Ah, the West Riding ! All that Pennine weather. Actually pleasant enough for autumn as we wound into Wharfedale, stopping at the Wharfedale Inn at Arthington for Black Sheep and Fish and Chips (and mushy peas, of course). But heading up from Keighley pst Haworth and Oxenhope — a glimpse of smoke down in the valley from the K&WVR — on the roads which gradually climb the contours along the side of the valley, fringed by millstone grit walls, we found deteriorating weather. We entered the clouds and lost the scenery, except for 100yards of bleak and treeless moor on either side, and the occasional totally isolated row of cottages about which the only possible question is “why?” But as we came over the top into Calderdale through the mist ahead appeared Heptonstall church tower, grey against a grey landscape and cloudscape. Fortunately, once we got up to Heptonstall the rain was intermittent, although the grey clouds racing across the top of the valleys gave no hope of sunshine. Noticed that the Methodist Chapel had numerous umbrella racks. Also that Sylvia Plath’s grave in the overflow churchyard is sadly neglected, though a few wilted sunflowers and collection of plastic Venus of Willendorf nestled amongst the grass and weeds. Out beyond the village onto the ridge and then dropped down to find Lumb Bank. Hughes and Plath had a splendid view from there, in whatever weather, and even on such a grey day the turning leaves were a splendid sight. Up an old stone trackand further along the ridge then via the hamlet of Slack to the other side where a wood-edge path above a precipitous drop led us back to Heptonstall.

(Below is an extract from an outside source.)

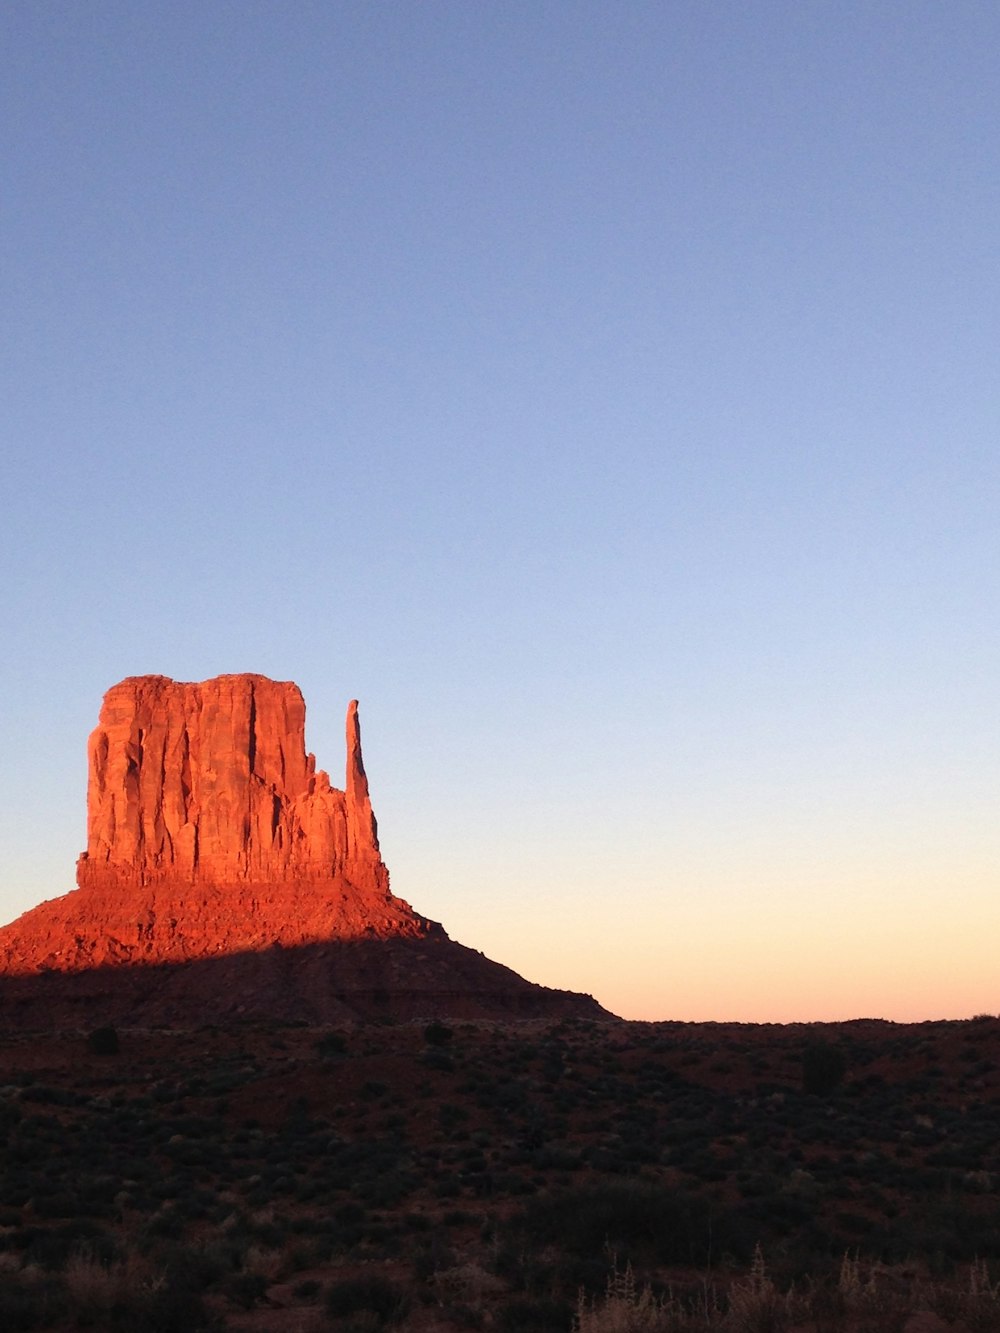 사막 한가운데에 있는 키 큰 붉은 암석
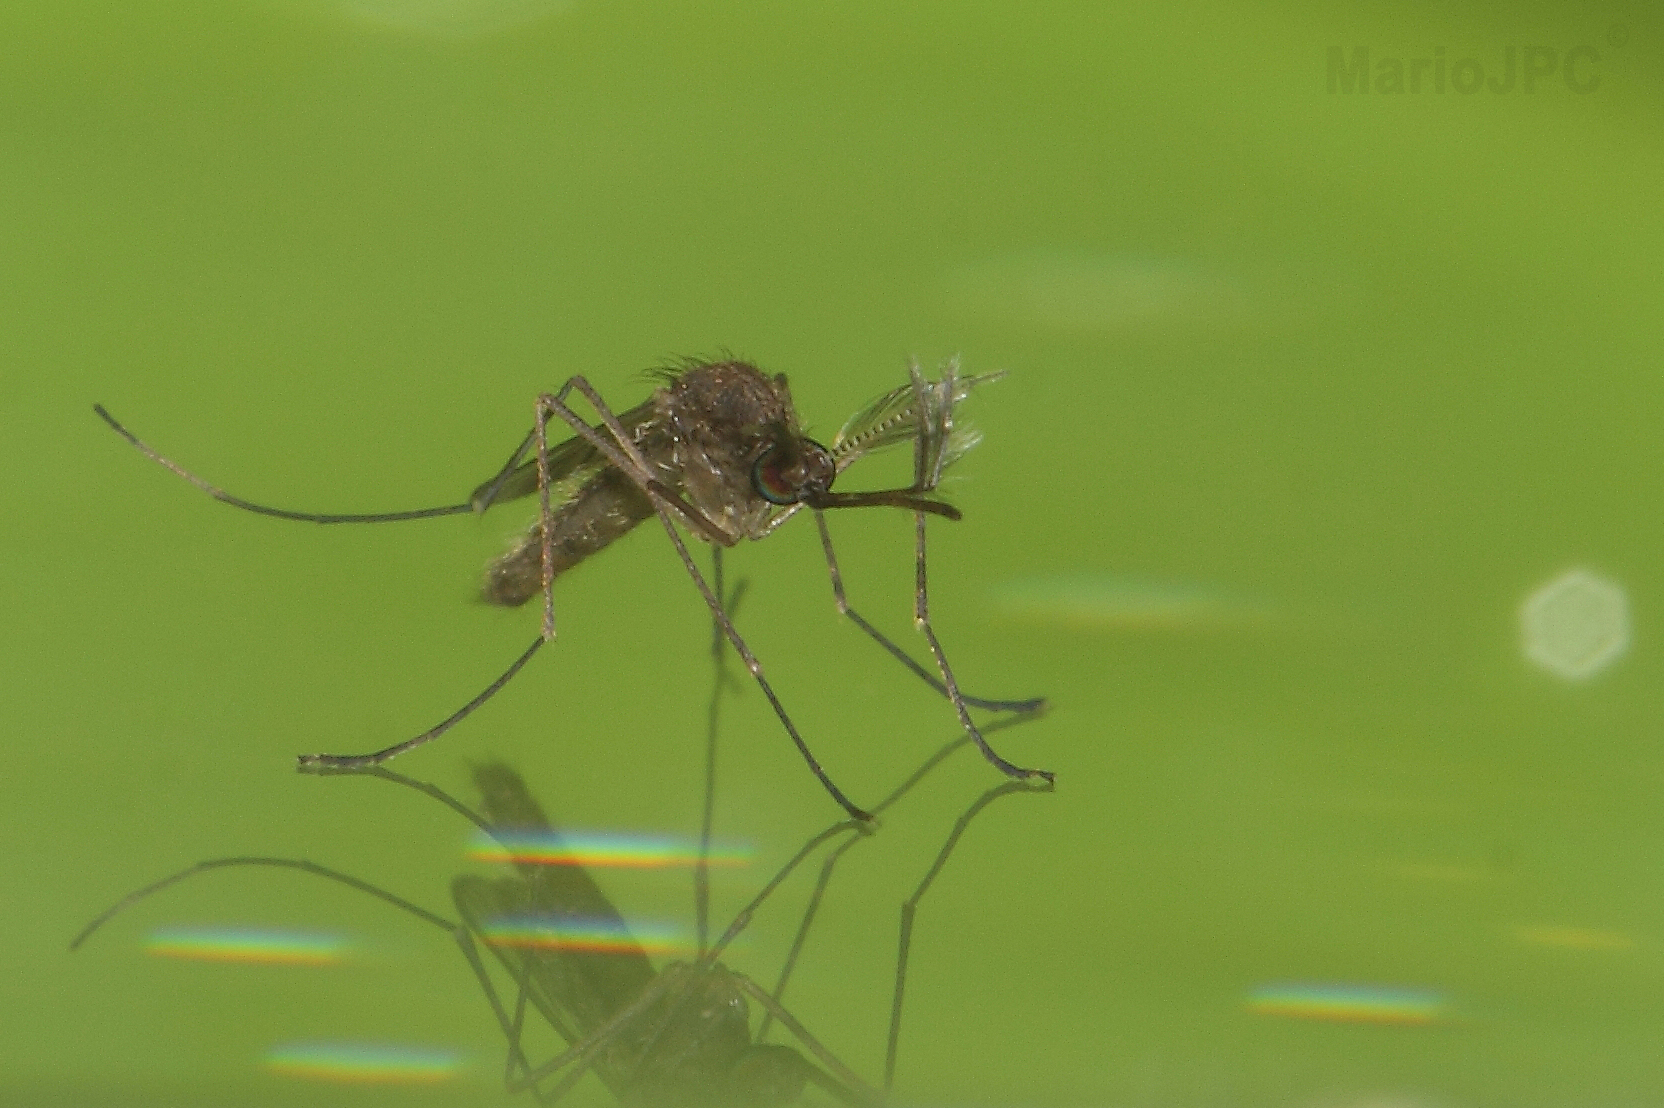 http://www.unex.es/organizacion/servicios/comunicacion/archivo/2014/julio-de-2014/28-de-julio-de-2014/identificadas-7-especies-de-mosquitos-201cresidentes201d-en-badajoz/images/mosquito.png?isImage=1

After tea and cake at Milly’s café in Mytholmroyd to the Ted Hughes Theatre at Mytholmroyd school, where Ian Duhig and Anthony Thwaite were reading. Hadn’t expected to like Ian Duhig’s work much, and didn’t, though he reads much better than he used to, and had deliberately chosen poems which were fairly accessible on first hearing. But any poem which needs a longer introduction than poem is not really trying to be accessible.
And Anthony Thwaite was a disappointment. He’d chosen to read only personal autobiographical poems but none of them seemed to rise beyond the specific to the universal, nor did they attempt to. Rather a thin offering, like the day’s Pennine rain. At least Ted Hughes had some guts to his poems.